Também participaram do encontro o juiz auxiliar da Corregedoria, Fábio Ataíde, o secretário-geral do Tribunal de Justiça, Lindolfo Sales e uma representante da Coordenadoria de Administração Penitenciária - Coape.

Entre os assuntos tratados destacam-se: os casos de como fazer recambiamentos de presos potiguares e foram capturados e estão custodiados em outros estados; as dificuldades de se fazer o transporte de presos para as audiências; a necessidade de fornecimento de alimentação para os agentes penitenciários que estão em audiências.

Os representantes dos Poderes Judiciário e Executivo também debateram sobre: a questão de fornecimento de Link de internet em presídios; a destinação que será dada à penitenciária de Mossoró; a criação de um módulo para agendamento de transporte de presos para audiências; a central de monitoração eletrônica na Ribeira.

A Corregedoria comunicou ainda que vai colocar todos os processos no sistema Seeu. Eles ainda trataram da possibilidade de Regionalização da Execução; da instalação de câmeras nos presídios com gravação e sobre a possibilidade de se promover treinamento para agentes penitenciários em parceria com o Poder Judiciário. O modelo de estabelecimento prisional Apac também foi tema da reunião.

Diálogo

O corregedor-geral de justiça, desembargador Amaury Moura, disse que a reunião foi “extremamente” proveitosa. Segundo ele, o secretário da Sejuc mostrou preocupação com os problemas que foram apresentados pela Corregedoria e assumiu alguns compromissos, dentro de suas limitações, de sanar determinadas questões pontuais que foram apresentadas, como a condução de presos para audiências, recambiamento de presos do Estado que estão em outros estados, etc.
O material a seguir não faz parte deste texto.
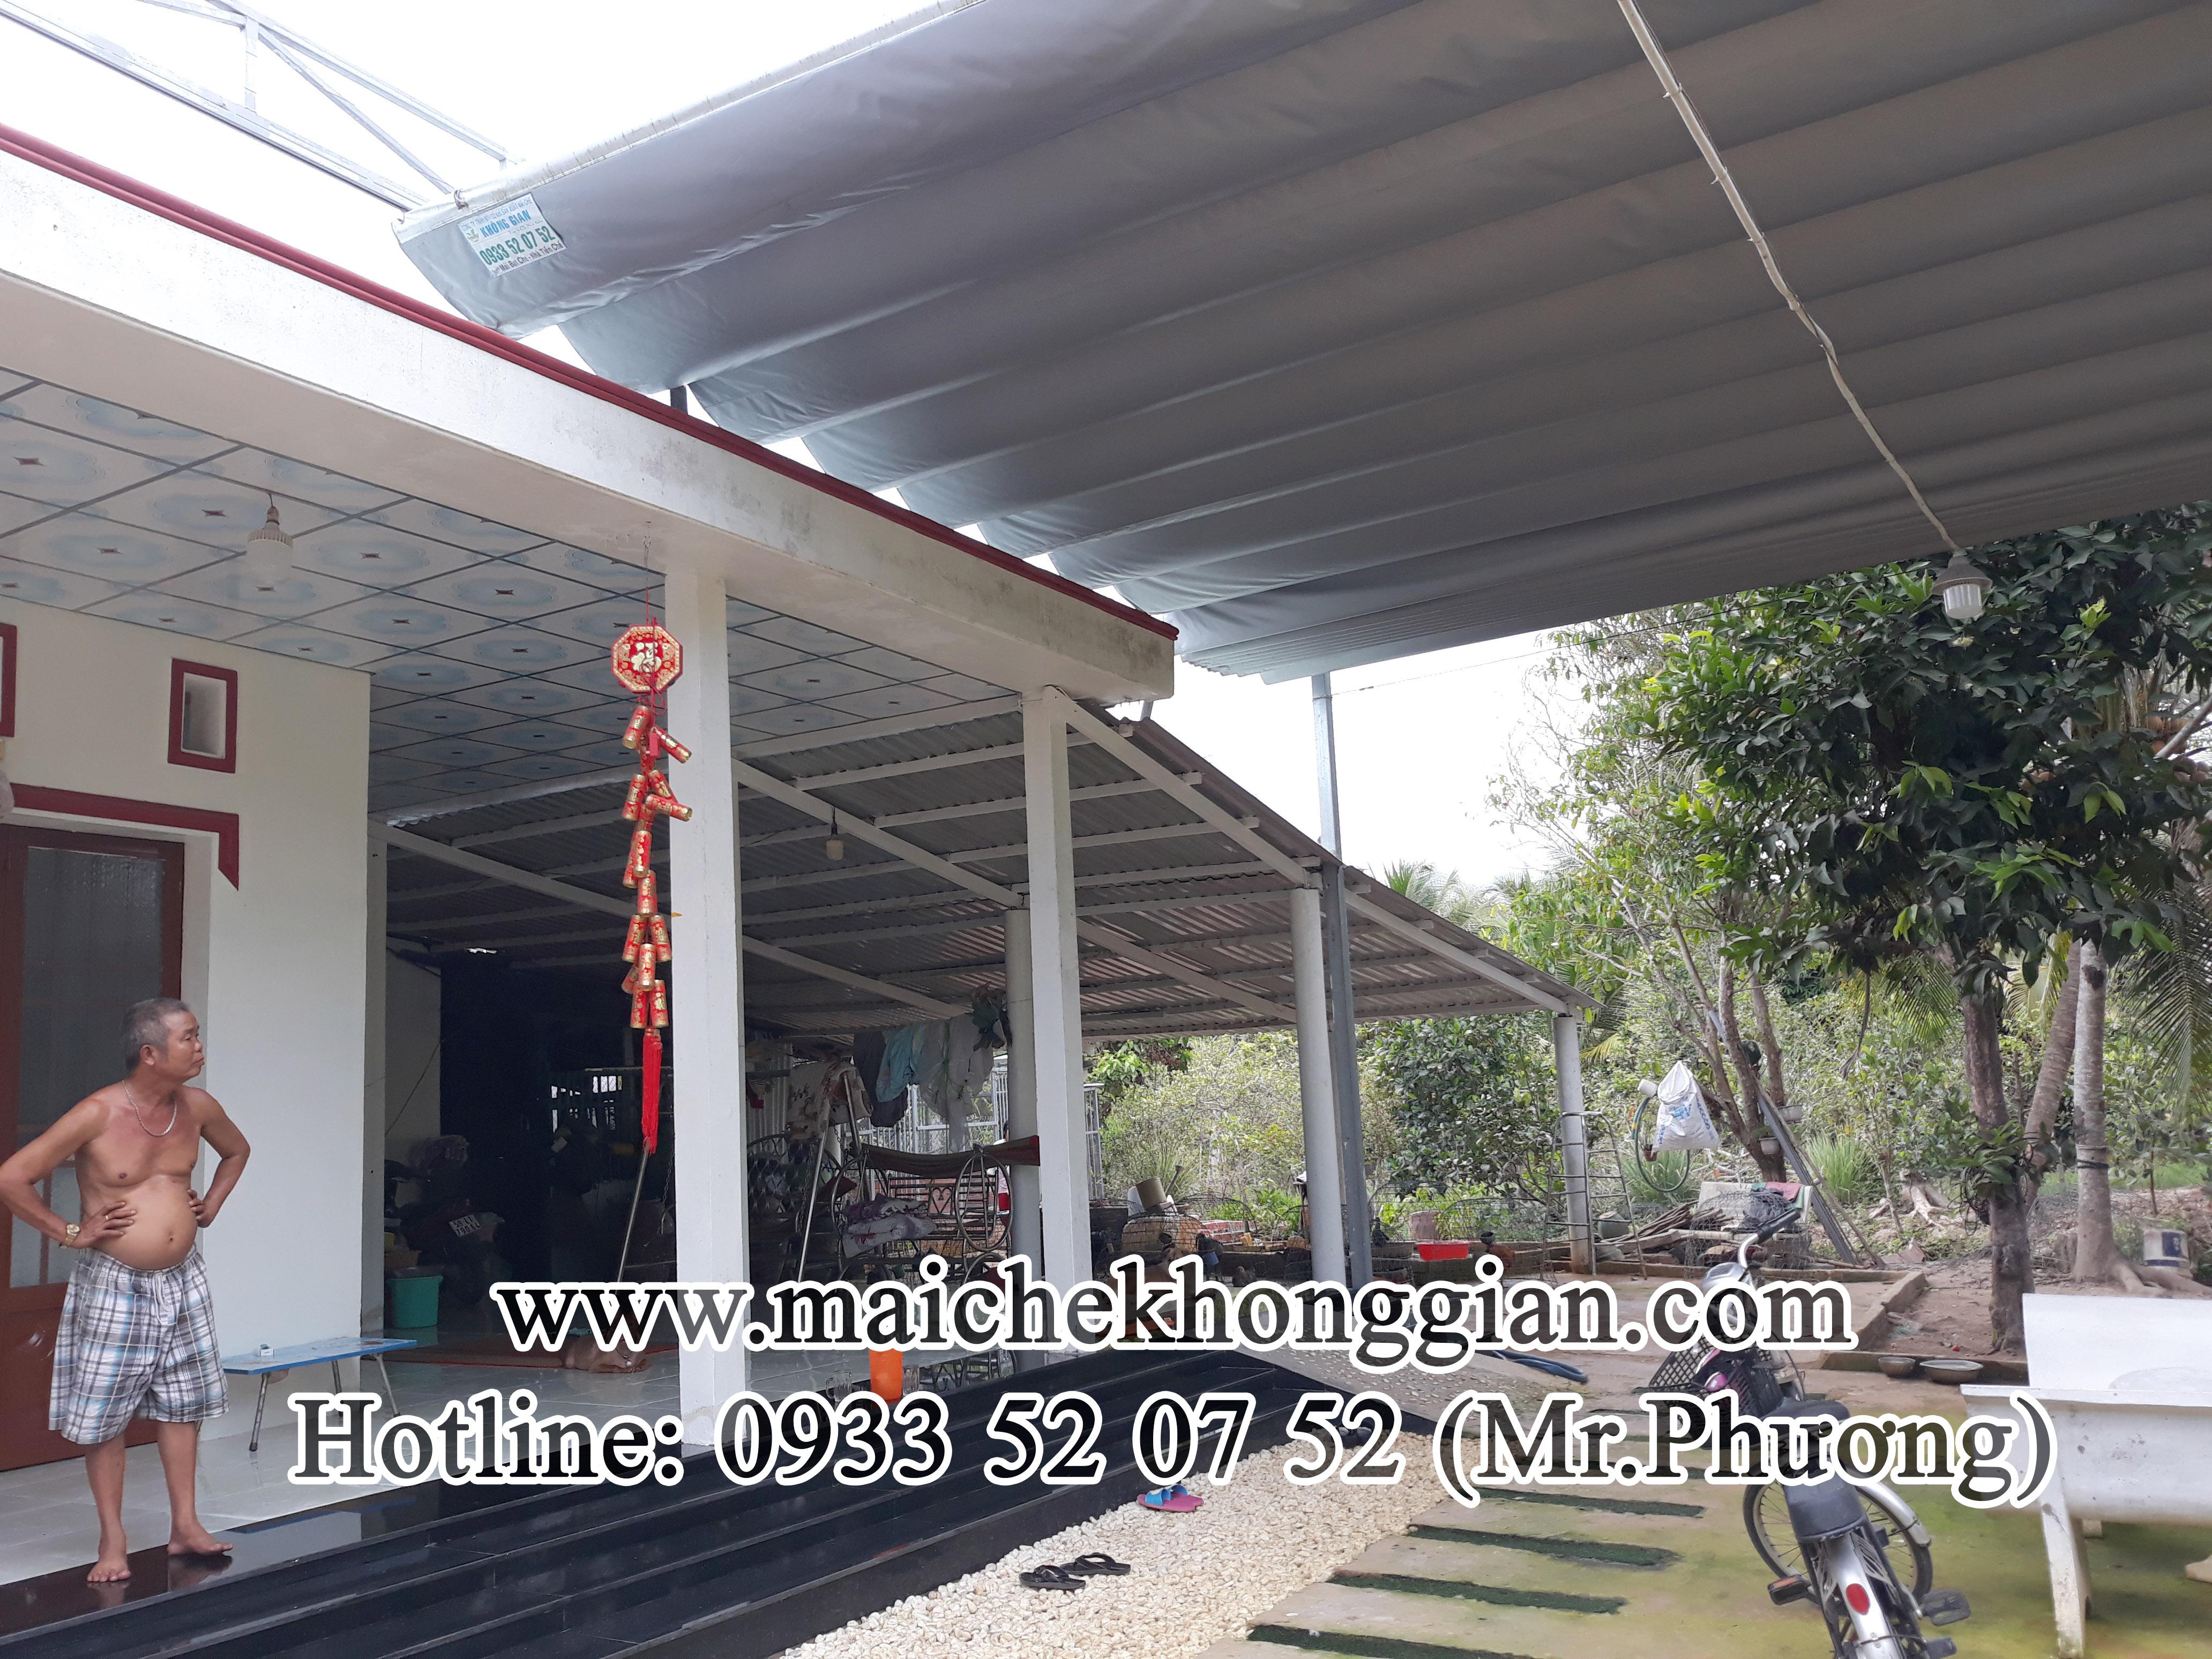 Mái xếp di động Gò Công Đông Tiền Giang

“Eu estou extremamente satisfeito com o resultado da reunião, com as ponderações trazidas pelo Secretário, com o comprometimento que o secretário demonstrou com a causa. Ele compreendeu naturalmente estas dificuldades e a partir daí nós estaremos sempre nesse contato mais aproximado no sentido de solucionar estes problemas, que eu tenho certeza de que serão brevemente solucionados”, assinalou o corregedor Amaury Moura.

Da mesma forma, Pedro Florêncio se mostrou otimista com a reunião. “Saio daqui muito contente porque encontrei aqui pessoas totalmente comprometidas com o sistema prisional, buscando soluções. Eu não vim aqui receber críticas. Pelo contrário, recebi sugestões, e inclusive apoio incondicional. E a gente precisa disso, pois o trabalho do sistema prisional requer muito de todos”, afirmou o secretário.

Ele também elogiou a disposição do corregedor e de sua equipe para o enfrentamento da situação do sistema prisional do Estado. “A gente encontra aqui no Tribunal de Justiça, na pessoa do desembargador corregedor Amaury Moura, soluções para os problemas. É claro precisamos dirimir algumas dificuldades que foram colocadas aqui, principalmente quanto à questão de atraso ou falta de apresentação de presos às audiências e isso é uma coisa que nós podemos avançar bastante”, elogiou.

Cobrar e colaborar

O secretário prometeu tentar minimizar esta questão em um menor espaço de tempo porque isto, na sua visão, traz prejuízos, não só ao sistema judicial, mas principalmente ao sistema prisional, e também ao interno que deveria ou poderia estar solto depois da audiência e continuar preso. “Sabemos que provoca muitas dificuldades uma simples falta de um preso a uma audiência”, admitiu o representante do governo.

Sobre o papel do Poder Judiciário nessa seara, Amaury Moura esclareceu que tanto o próprio Tribunal de Justiça como um todo, através da sua Presidência, quanto a Corregedoria em si, têm em mente como preocupação não apenas cobrar soluções, mas também de apresentar soluções e colaborar para que estas sejam trazidas.

Dentre estas soluções, ele cita o fornecimento não só de questões de ordem financeira, como materiais, mas até mesmo outras questões de ordens estruturais, como a própria formação, através da Escola da Magistratura do RN (Esmarn), tudo, segundo o desembargador, com um único objetivo de aprimorar o sistema e solucionar essas questões.

“O Tribunal não se apresenta somente como um órgão de cobrança para que o Poder Executivo como um todo resolva soluções, o Tribunal se apresenta como um parceiro, apresentando soluções e se comprometendo até, e dentro das suas limitações, com a questão financeira naquilo que for possível para solucionar essas questões”, externou.